Information shown.
+ + +
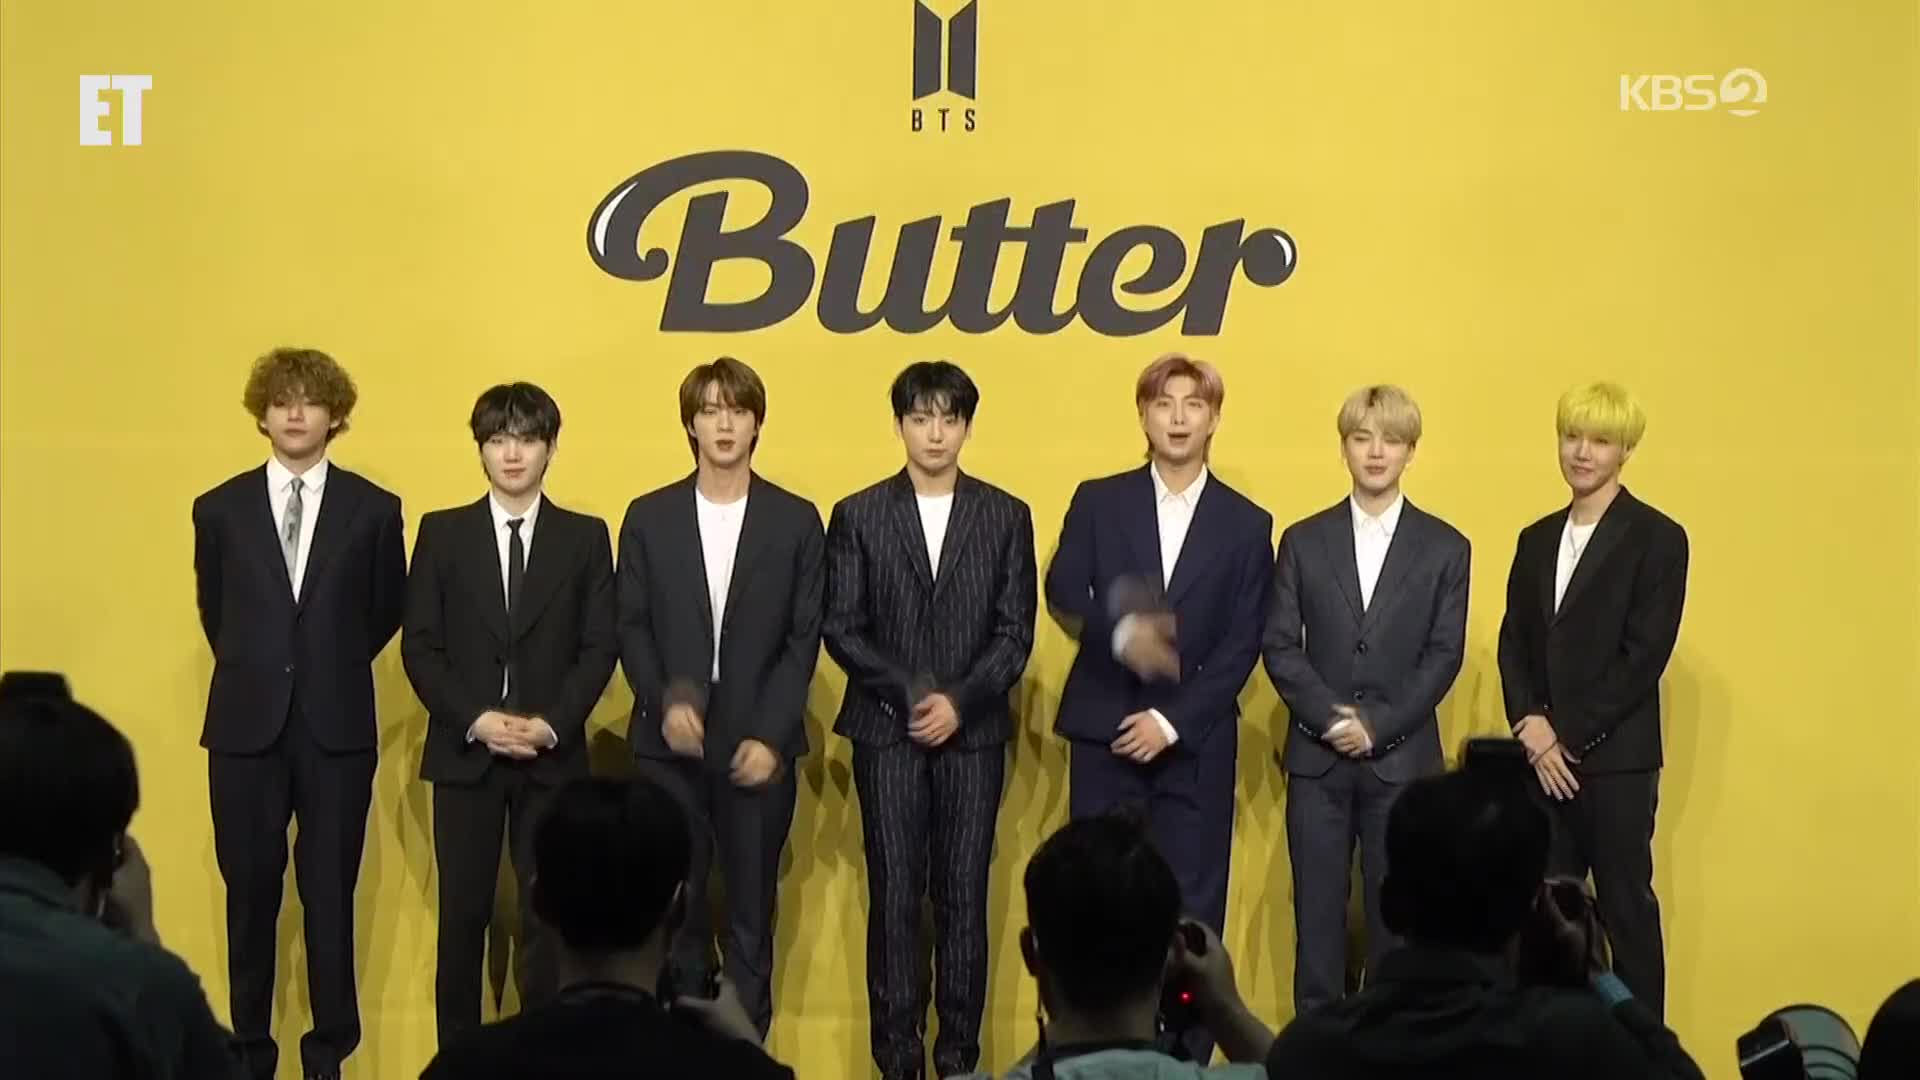 [ET] BTS ‘버터’ 3주 연속 빌보드 정상
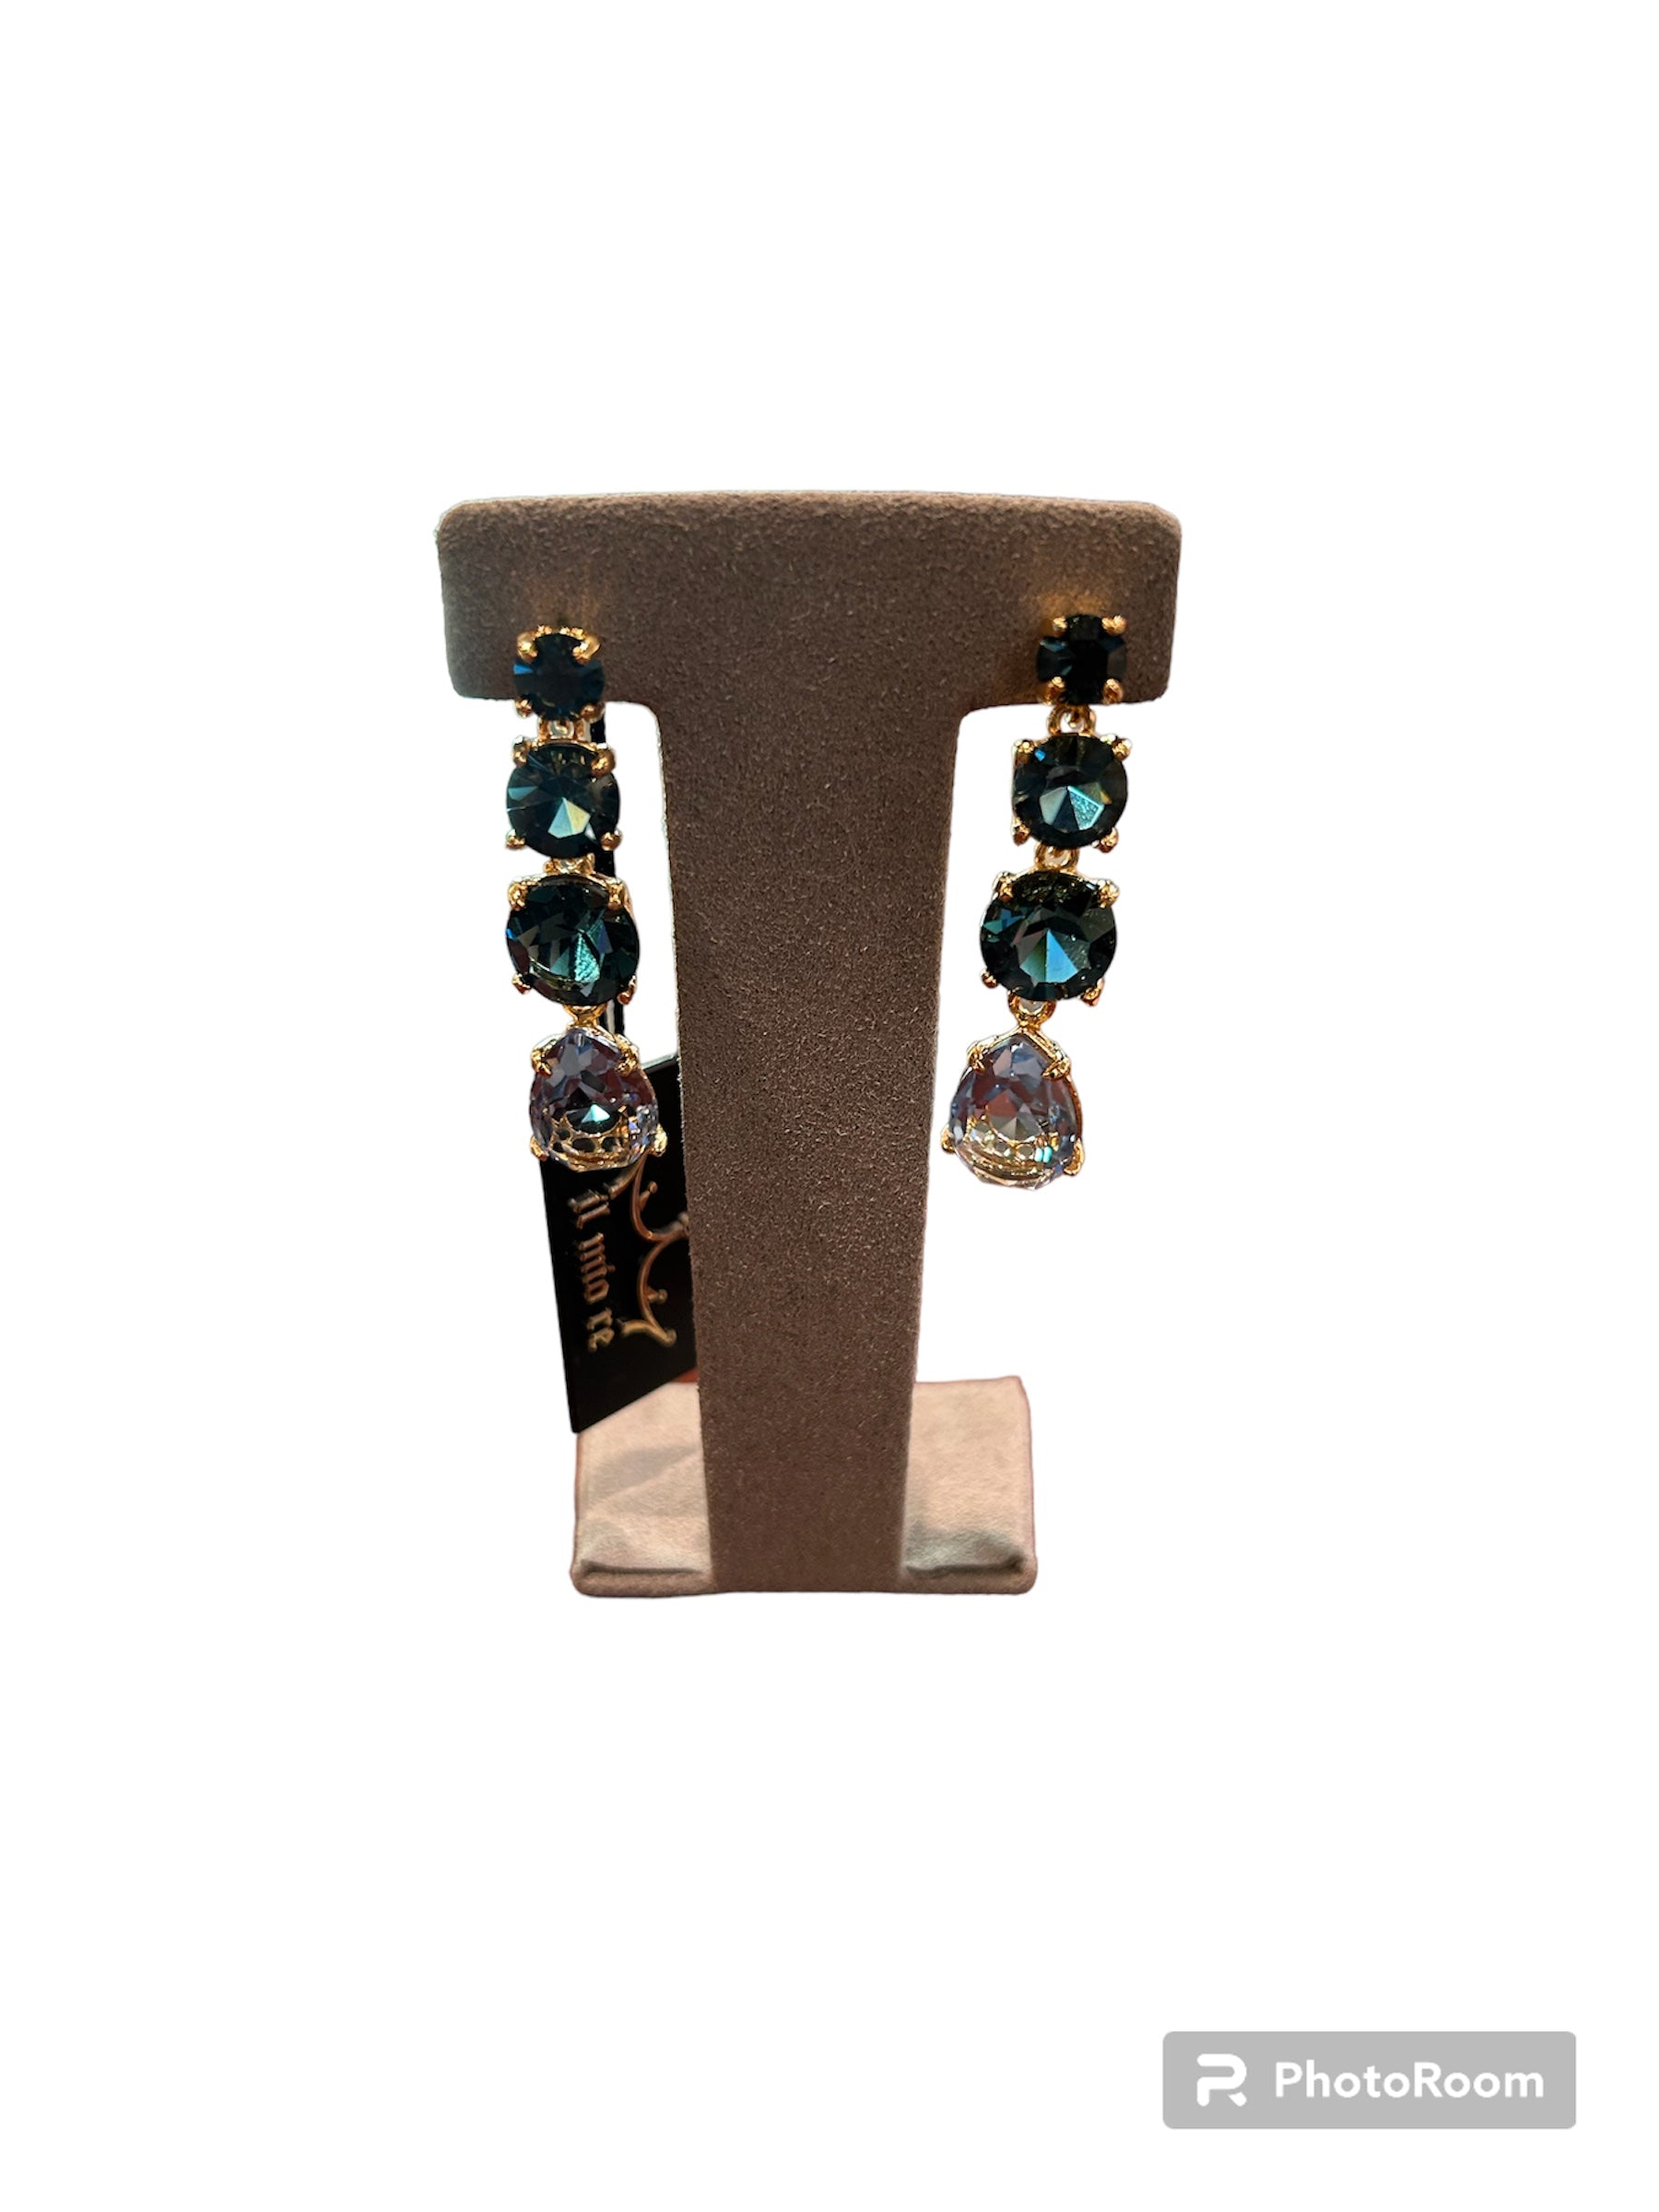 IL Mio Re - Gilt bronze pendant earrings with blue stones - ILMIORE OR 022 AZZ
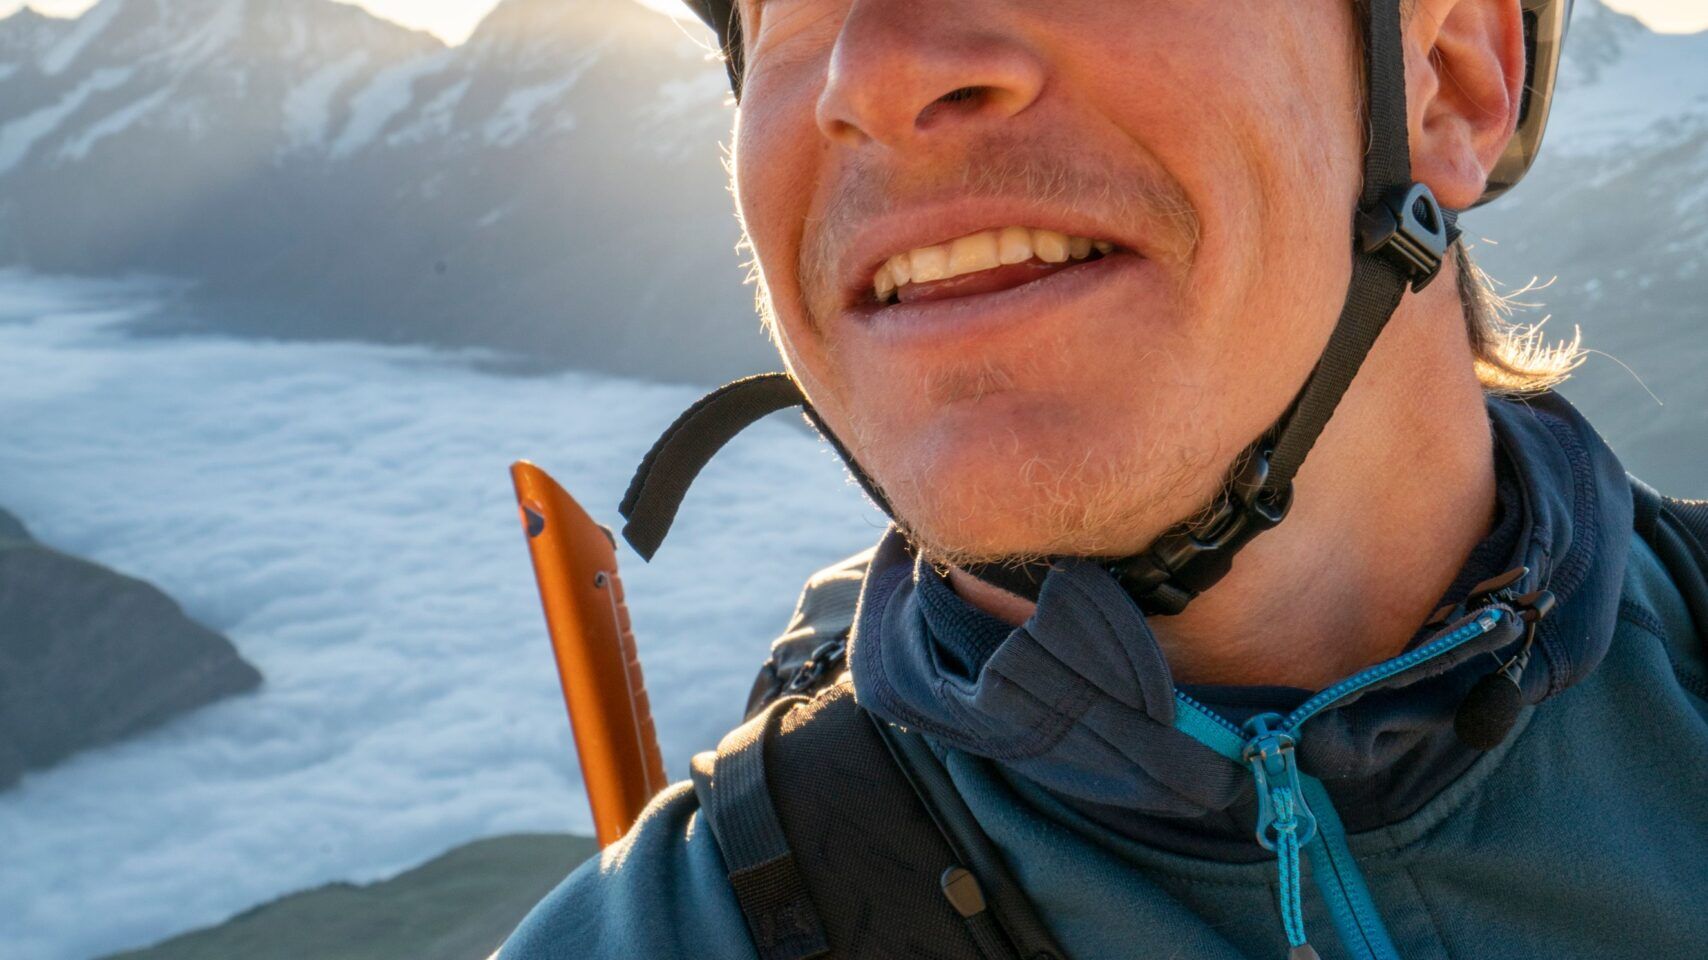 L'alpinista e freeskier vallesano Jérémie Heitz
+ + +
Exact lines, nothing more: output the one with "IL Mio Re - Gilt" and every later line through the end of the data, skipping pictures.

 IL Mio Re - Gilt bronze pendant earrings with blue stones - ILMIORE OR 022 AZZ
 L'alpinista e freeskier vallesano Jérémie Heitz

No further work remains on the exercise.